Ощутив на себе взгляд Варфаламея, я оторвался от тягостных дум о вечном и вернулся в бестолковое настоящее. Черт уже слопал три фигурки из марципана, и теперь облизывал усы, посматривая в мою сторону чересчур внимательным взглядом. Он созерцал меня, напоминая юного натуралиста с изумлением обнаружившего, что экспонат в клетке все еще жив, хотя ему забыли положить еды, и по всем раскладам ушастый должен был сдохнуть еще на прошлой неделе.
— А гробик — то пустой, — неожиданно весело заметил я.
— Так и ты еще жив, мон ами, — Варфаламей нисколько не смутился.
— Люди настолько беспечны, что диву даешься. Сколько не втолковывай, обязательно что-нибудь перепутают, — оставив в покое грифа, Дунька влезла с объяснениями. — Я кондитеру всю плешь проела, когда торт заказывала, десять раз повторила, фотку твою вертела перед глазами для наглядности, ан нет, все равно забыл.
— Жаль, я думал — это знак. Пророчество.
— Надежды юношей питают, — крыса мазнула пальцем по краю торта и попробовала крем, — Пустой гробик чистый промах кондитера.
— Врет она, Никитин, — гриф не удержался от шпильки, — Дунька твою фигурку в скворечник к мухе заныкала. На память или еще на какие надобности.
— А это не твово ума дело, — опять взвилась крыса. — Я может прекрасный образ Никитина для потомков сохранить хочу. Оригинал, видишь, как плохо выглядит. Не выспался, что ли?
— С вами выспишься. Устроили чехарду. В кои веки попросил помочь людям, так нет, как с испорченным телефоном, все шиворот навыворот, сикось-накось, стрелки сбоку.
— Постой, мон ами, о чем речь? — удивился Варфаламей. — Я еще и не приступал к награждению. Отложил бонусную программу на сегодня, чтобы в твоем присутствии в торжественной обстановке…
— Тогда кто Петьке письмо подбросил, кто Василике в квартиру мерина затащил? У вас окуляры сбились, целились в яблочко, а попали мальчонке в глаз. Тоже мне снайперы.

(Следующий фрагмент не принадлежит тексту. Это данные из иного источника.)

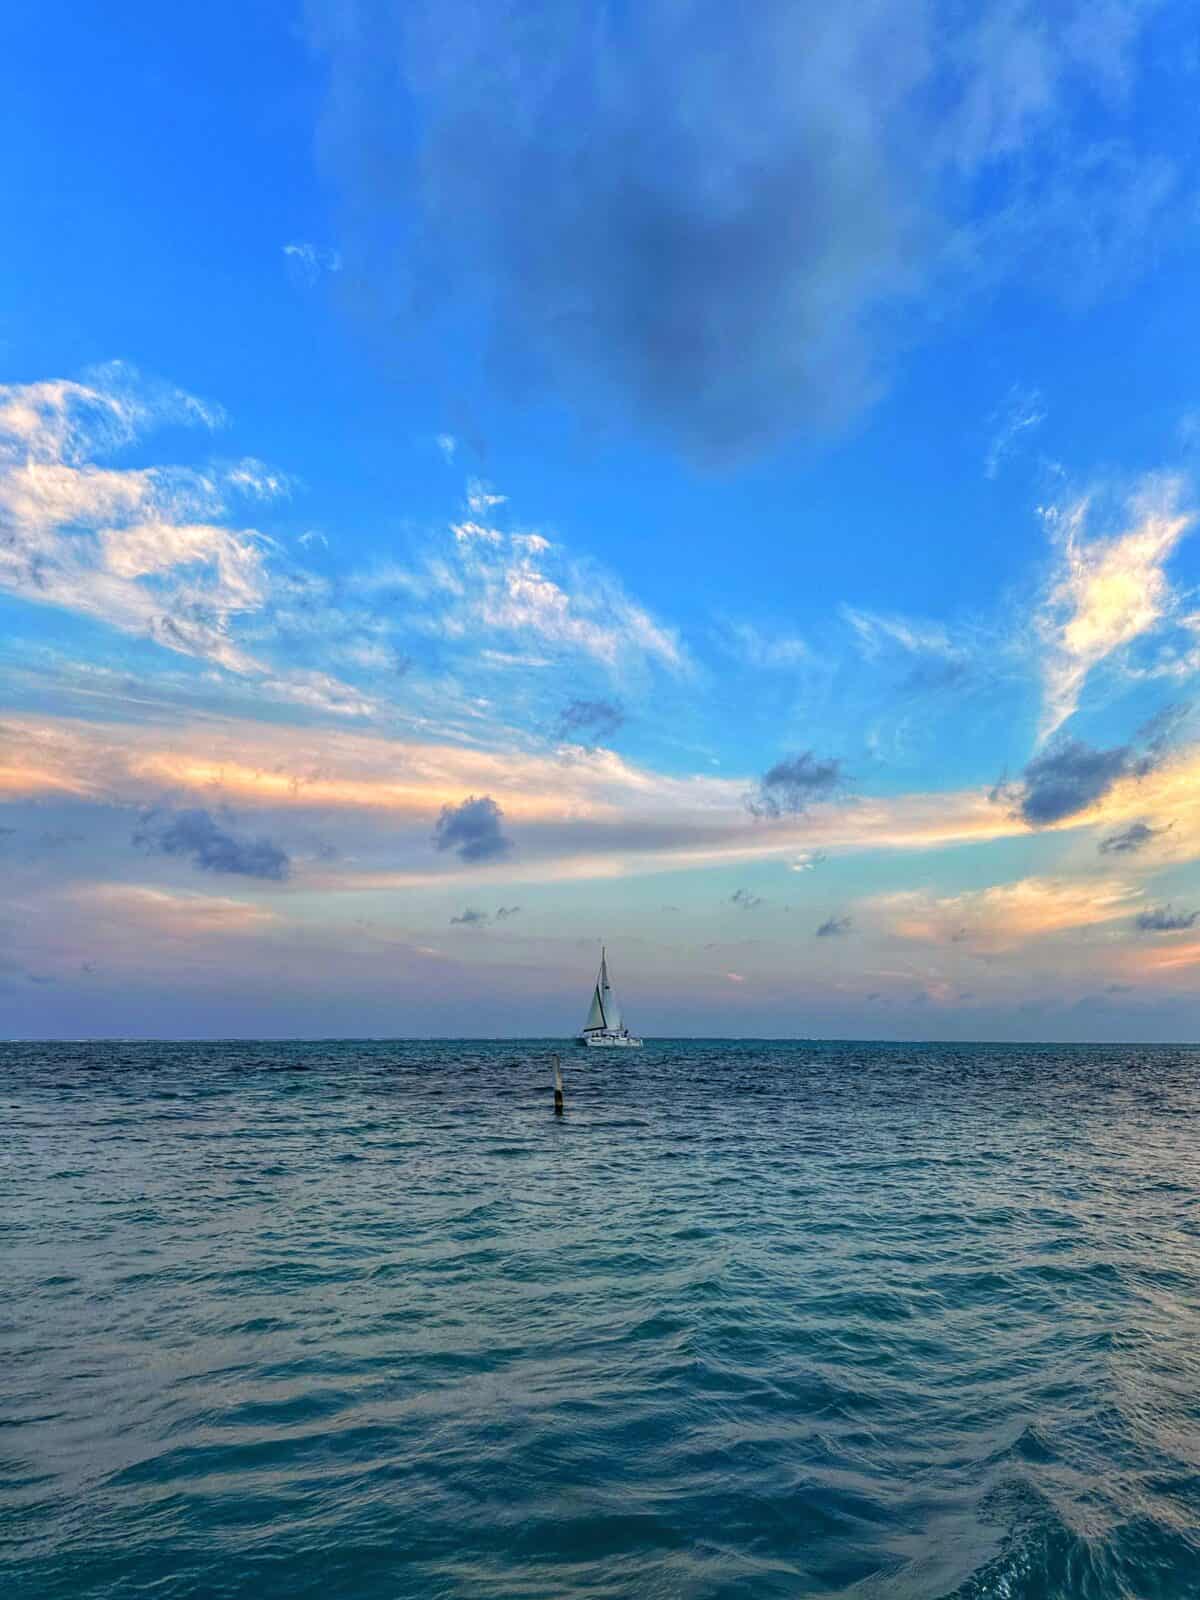 sailboat at sunset on blue waters of the Caribbean Sea in Ambergris Caye Belize

После моих слов возникла незапланированная пауза, Варфаламей недоуменно смотрел то на меня, то на соратников, гриф целенаправленно стрелял глазами поочередно, ворочая голой шеей, лишь только Дунькин взгляд беспомощно метался лучом прожектора в темном небе, выдавая ее с головой. Наконец крыса не выдержала.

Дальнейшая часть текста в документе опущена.